DATA PROVIDED —
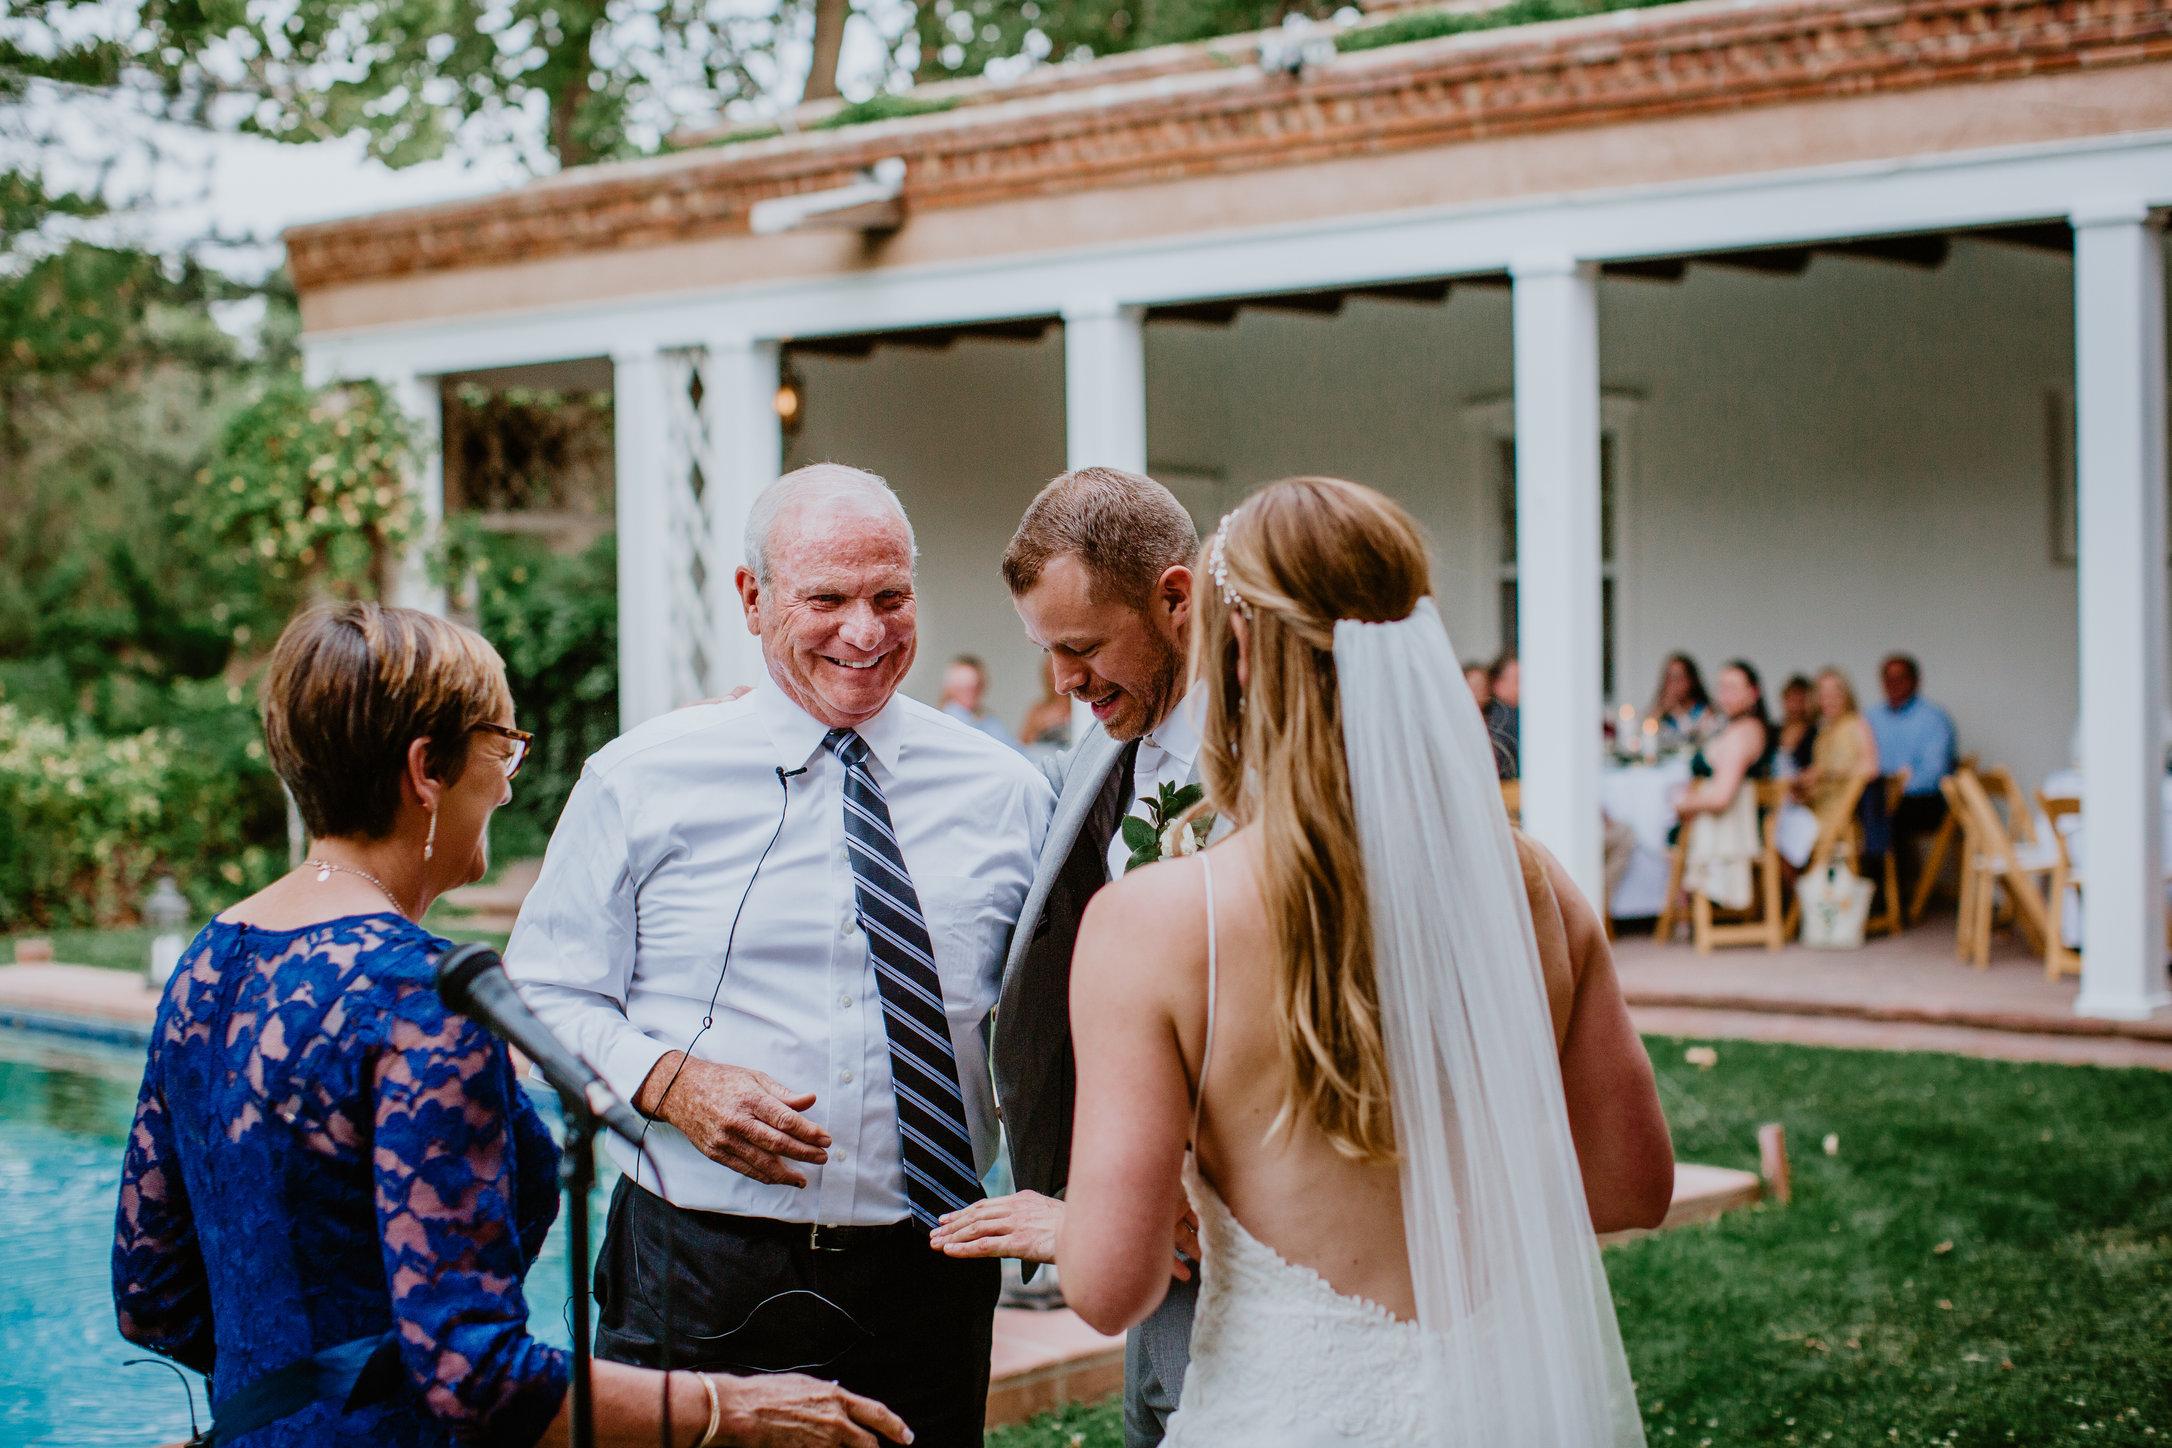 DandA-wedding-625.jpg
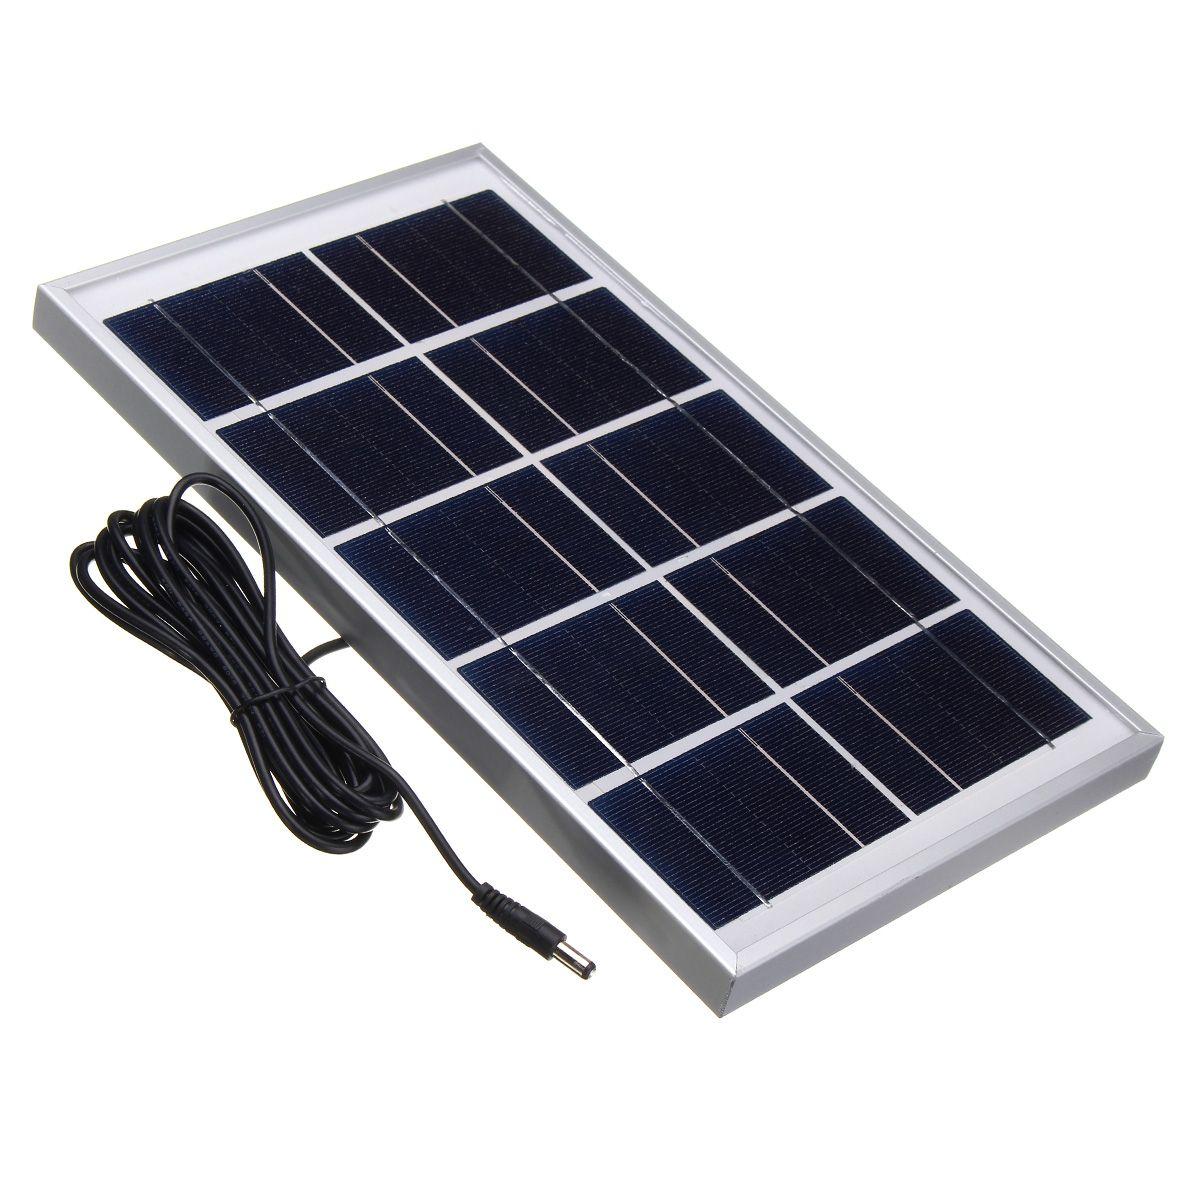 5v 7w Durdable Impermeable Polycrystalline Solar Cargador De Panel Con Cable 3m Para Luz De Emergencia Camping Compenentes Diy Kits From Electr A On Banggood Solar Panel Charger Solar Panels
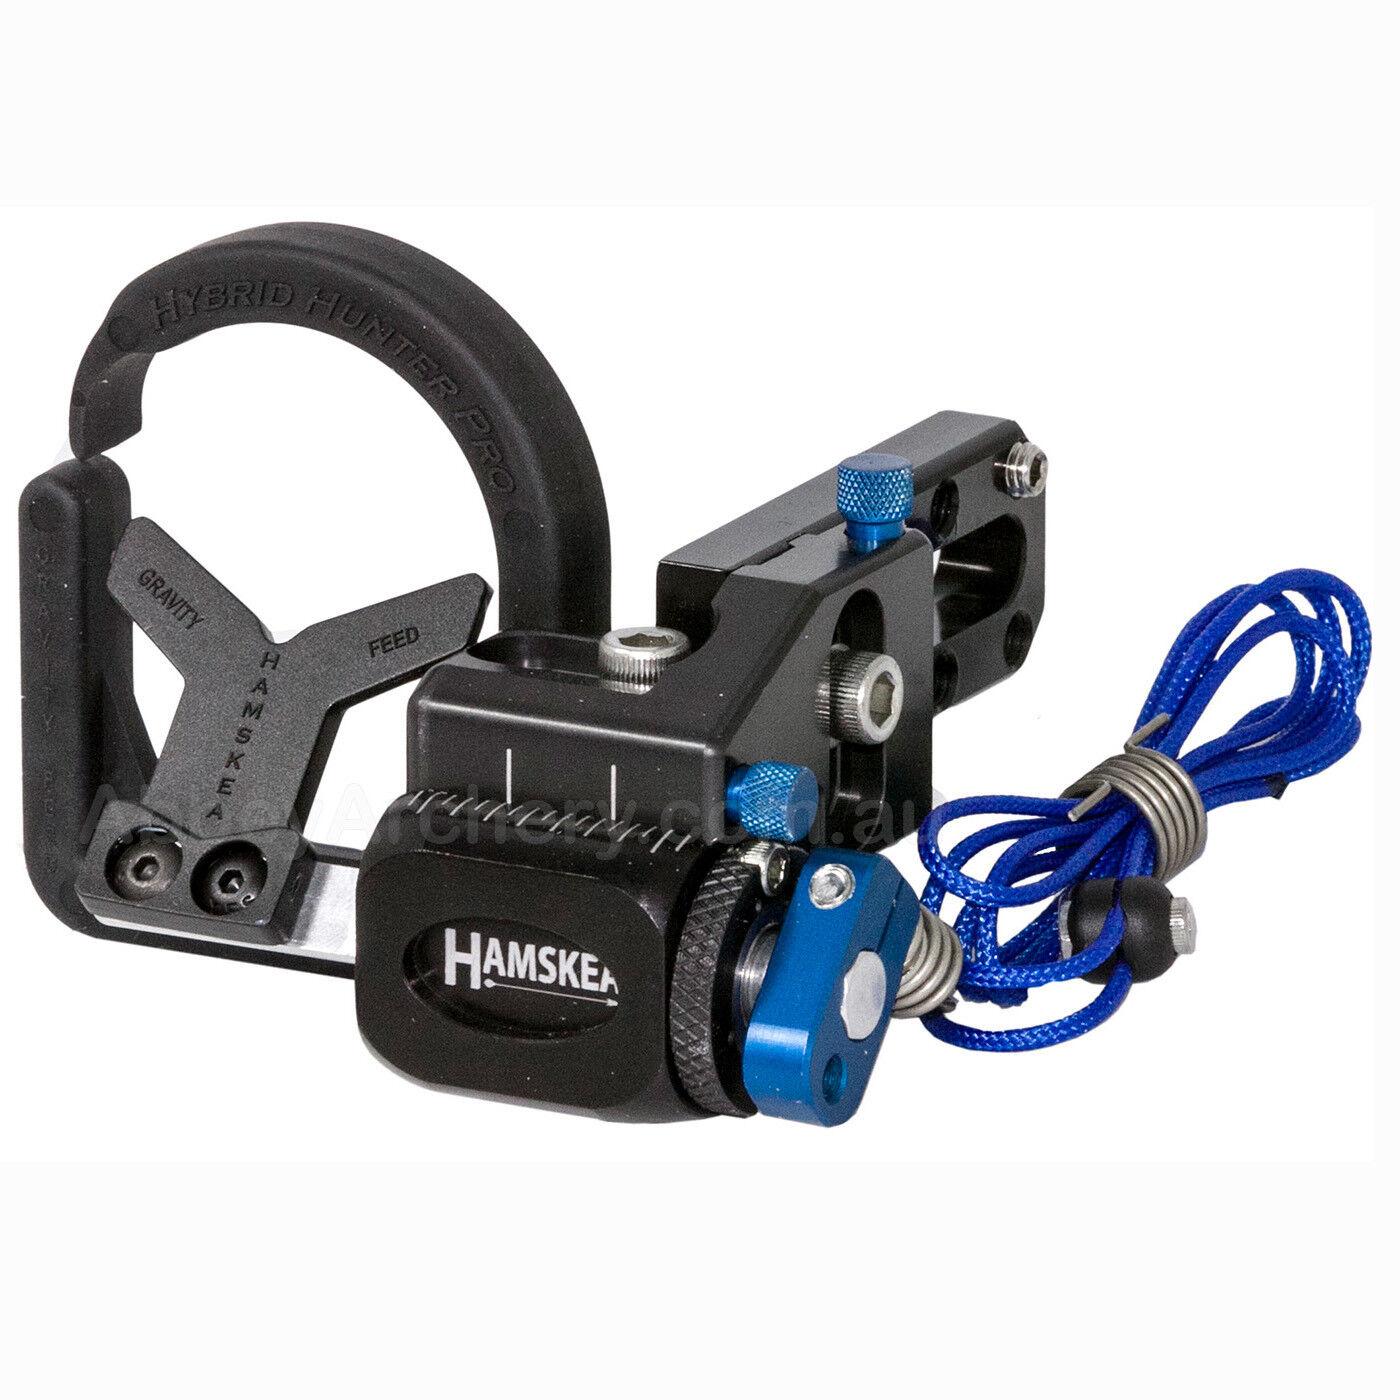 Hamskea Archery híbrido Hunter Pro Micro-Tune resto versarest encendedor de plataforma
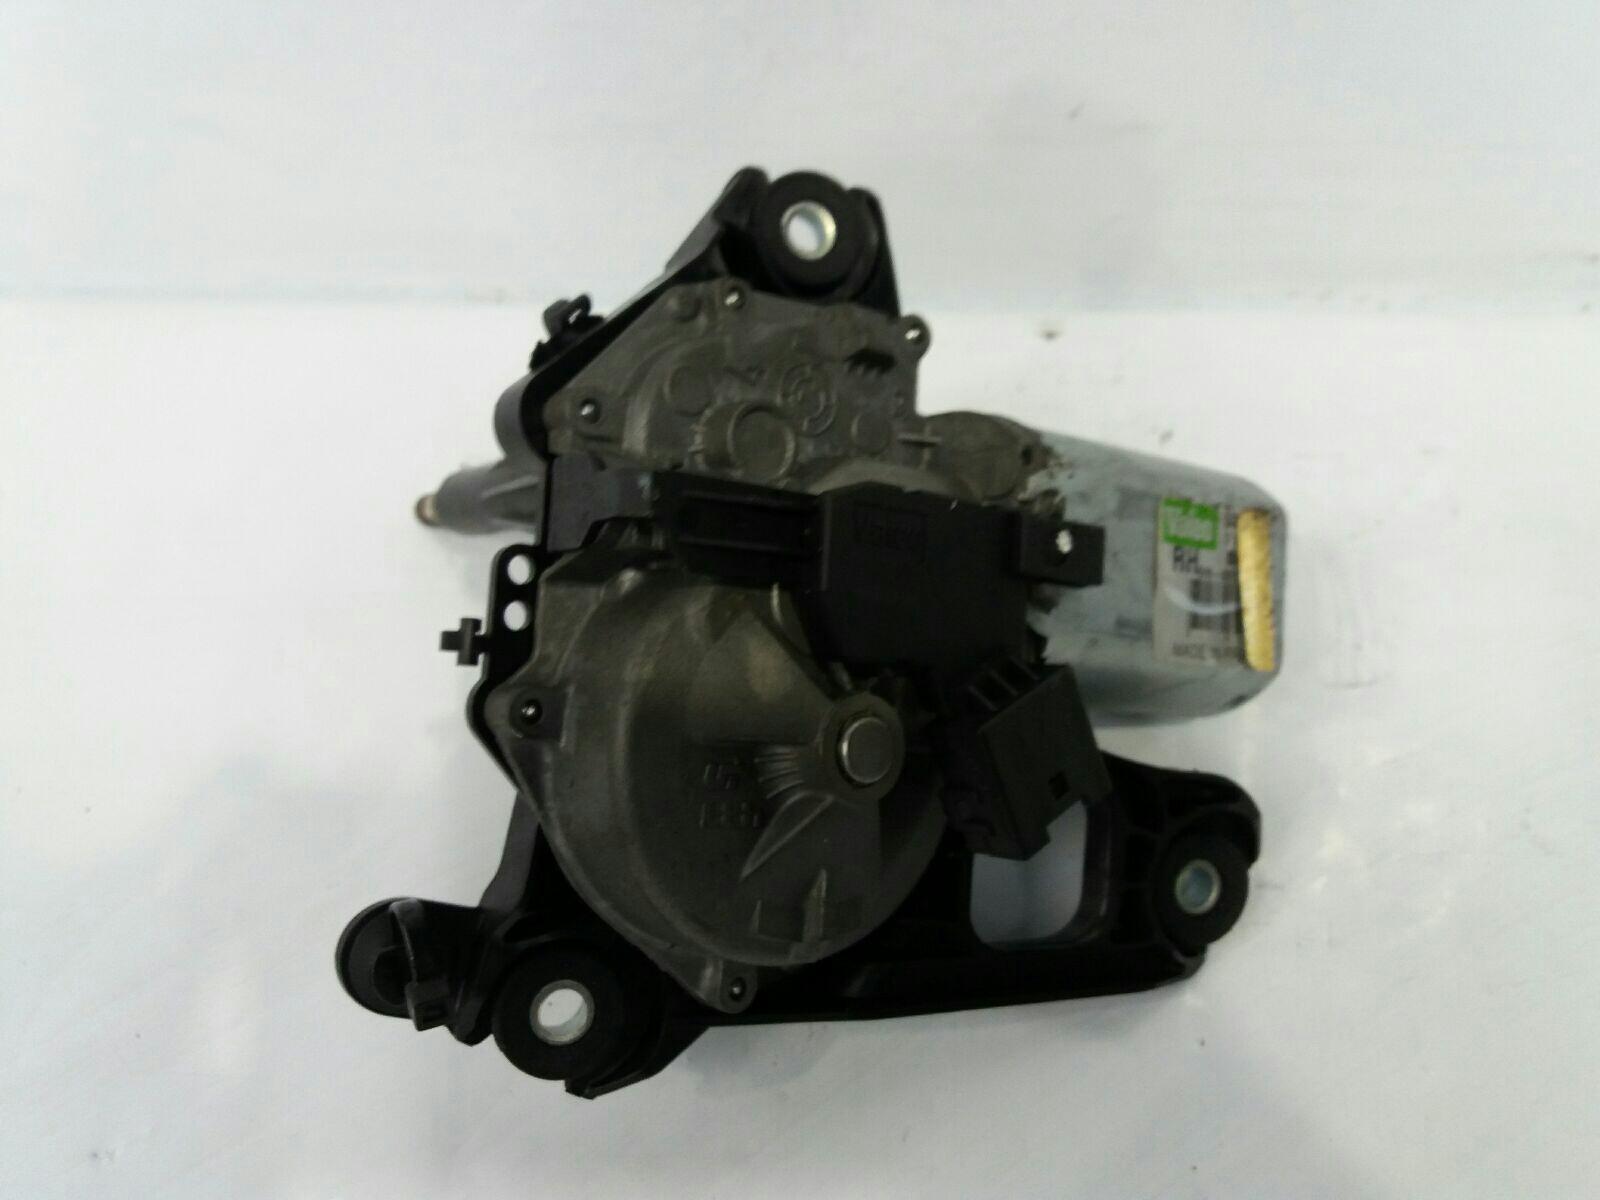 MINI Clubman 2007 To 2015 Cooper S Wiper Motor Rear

DIRECTIONS —
Please retype the lines from the one that contains "5v 7w Durdable" through the final line of the data, both included, without any pictures.

ANSWER BOX —
 5v 7w Durdable Impermeable Polycrystalline Solar Cargador De Panel Con Cable 3m Para Luz De Emergencia Camping Compenentes Diy Kits From Electr A On Banggood Solar Panel Charger Solar Panels
 Hamskea Archery híbrido Hunter Pro Micro-Tune resto versarest encendedor de plataforma
 MINI Clubman 2007 To 2015 Cooper S Wiper Motor Rear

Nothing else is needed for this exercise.